Um estudo open-label da Argentina encontrou benefício na redução de tonturas em 10 pacientes tratados com otopiramato para vertigens enxaquecas.61 Um estudo recente duplo-cego usando topiramato em 14 crianças de 18 anos de idade com enxaqueca tipo basilar encontrou uma redução de 74% (grupo de dose de 25 mg) e 83% (grupo de dose de 100 mg) em tonturas, vertigens e ataxia.

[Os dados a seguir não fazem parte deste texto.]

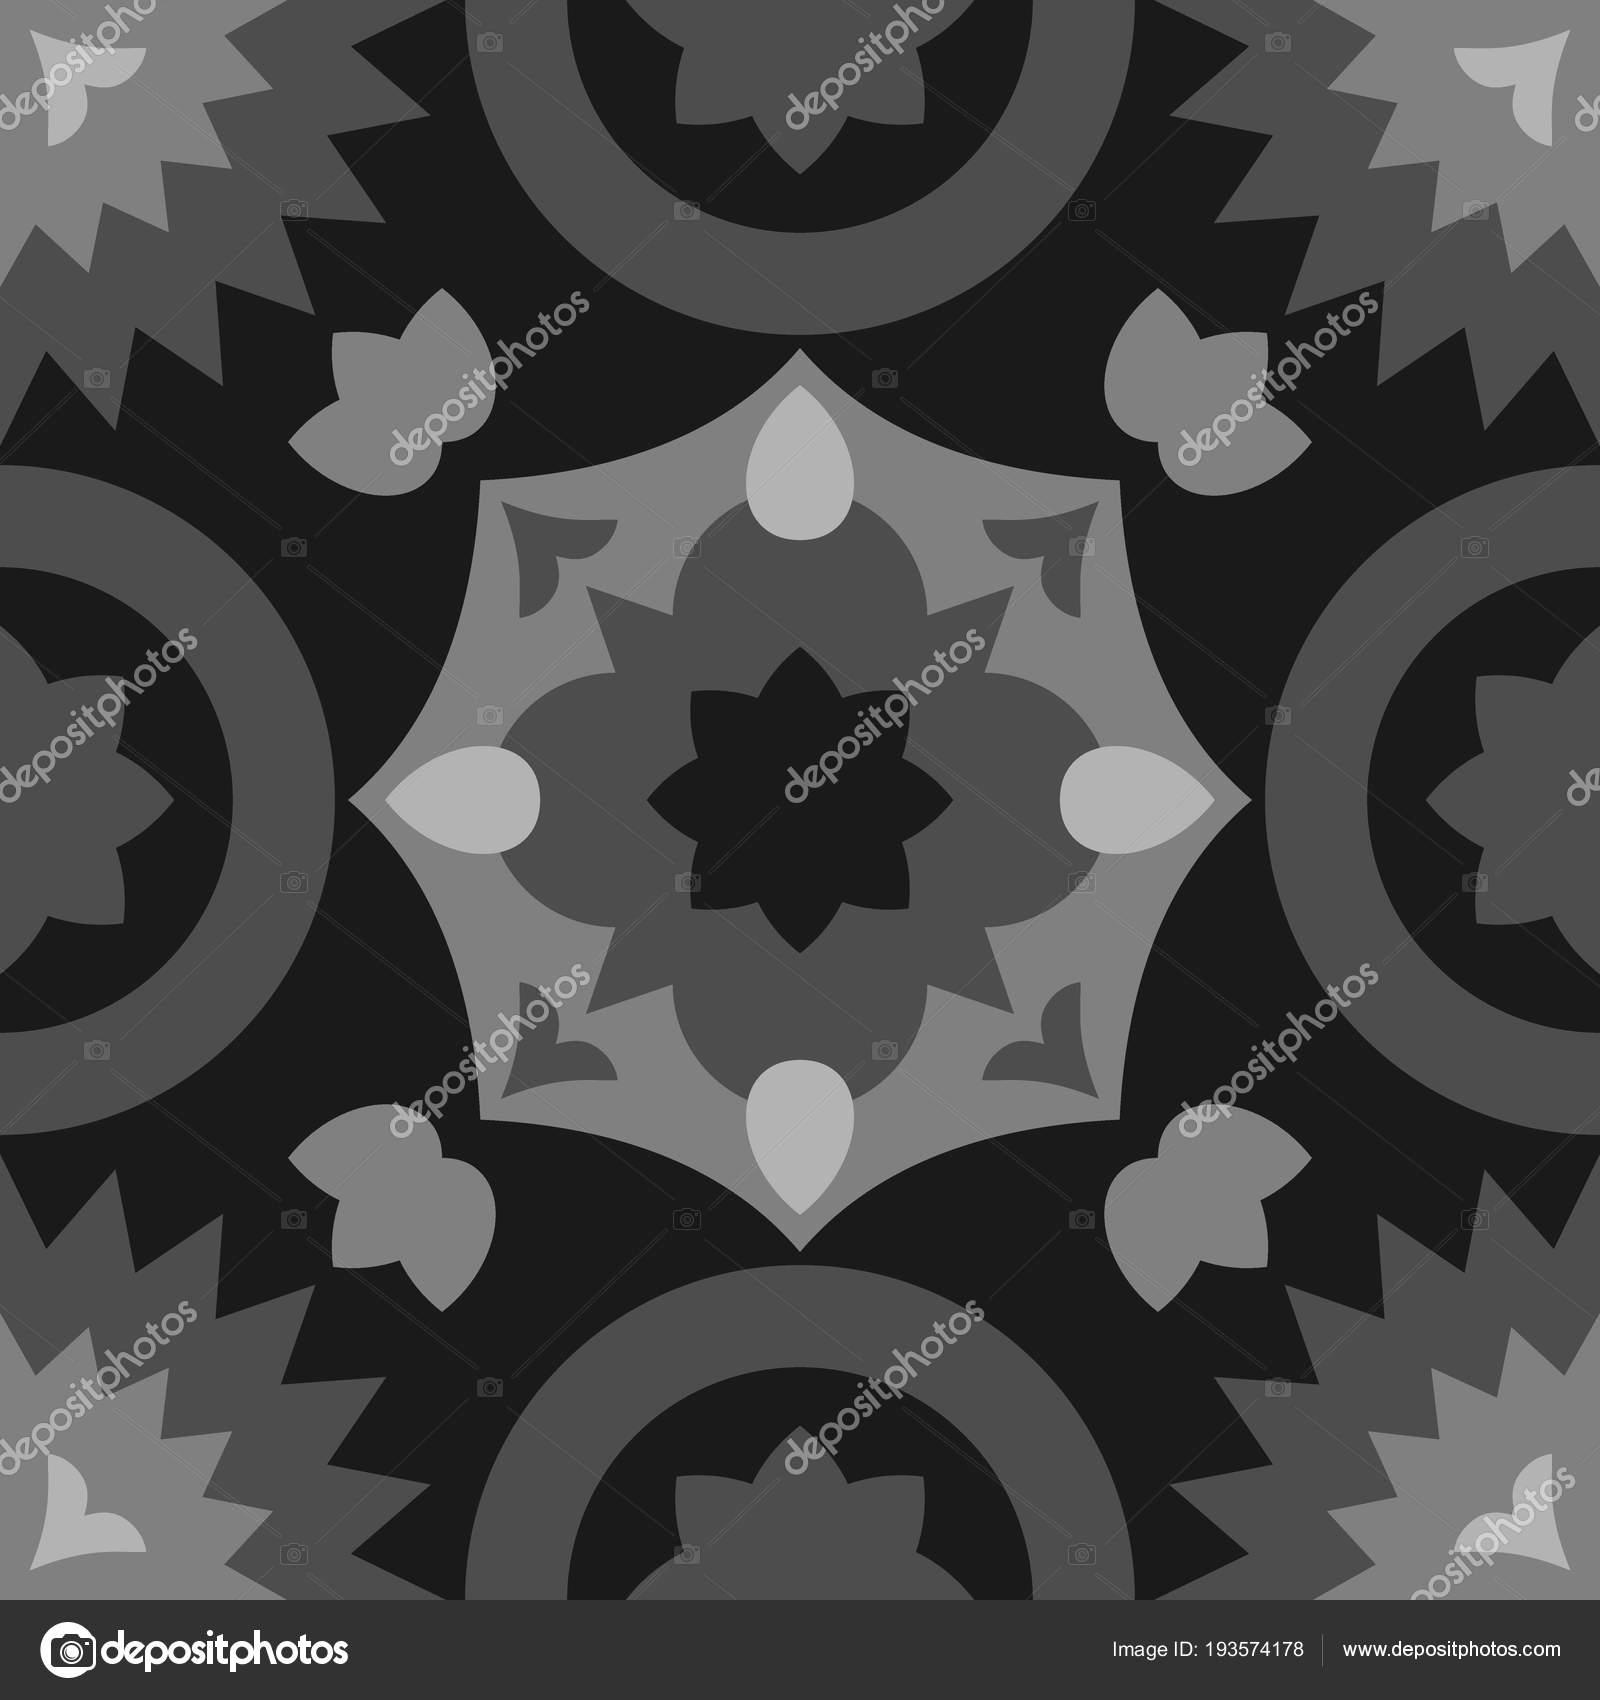 Czarne Płytki Dekoracyjne Posadzki Wektor Wzór Lub Bezszwowe

A freqüência da dor de cabeça também foi significativamente reduzida em ambos os grupos de dose.62
Pacientes selecionados podem se beneficiar da fisioterapia vestibularreabilitante.65 No entanto, a maioria dos pacientes com MAV desenvolve náuseas e aumento da tontura que não melhoram satisfatoriamente ao longo do tempo, levando-os a desistir ou pedir para interromper a terapia.65 A fisioterapia vestibular é de grande ajuda para aqueles que apresentam dificuldade de locomoção desproporcional aos seus exames.
Em resumo, há muito poucos dados científicos que levem os clínicos a se dedicar ao tratamento da MAV. Os medicamentos para a enxaqueca são igualmente eficazes para as enxaquecas, mesmo quando a dor de cabeça não é proeminente. n
br>Edited by Steven Mandel, MD
Terry D. Fife, MD, FAAN, FANS é Professor Associado de Neurologia Clínica, Faculdade de Medicina da Universidade do Arizona e Director, Centro de Equilíbrio do Arizona, BarrowNeurological Institute.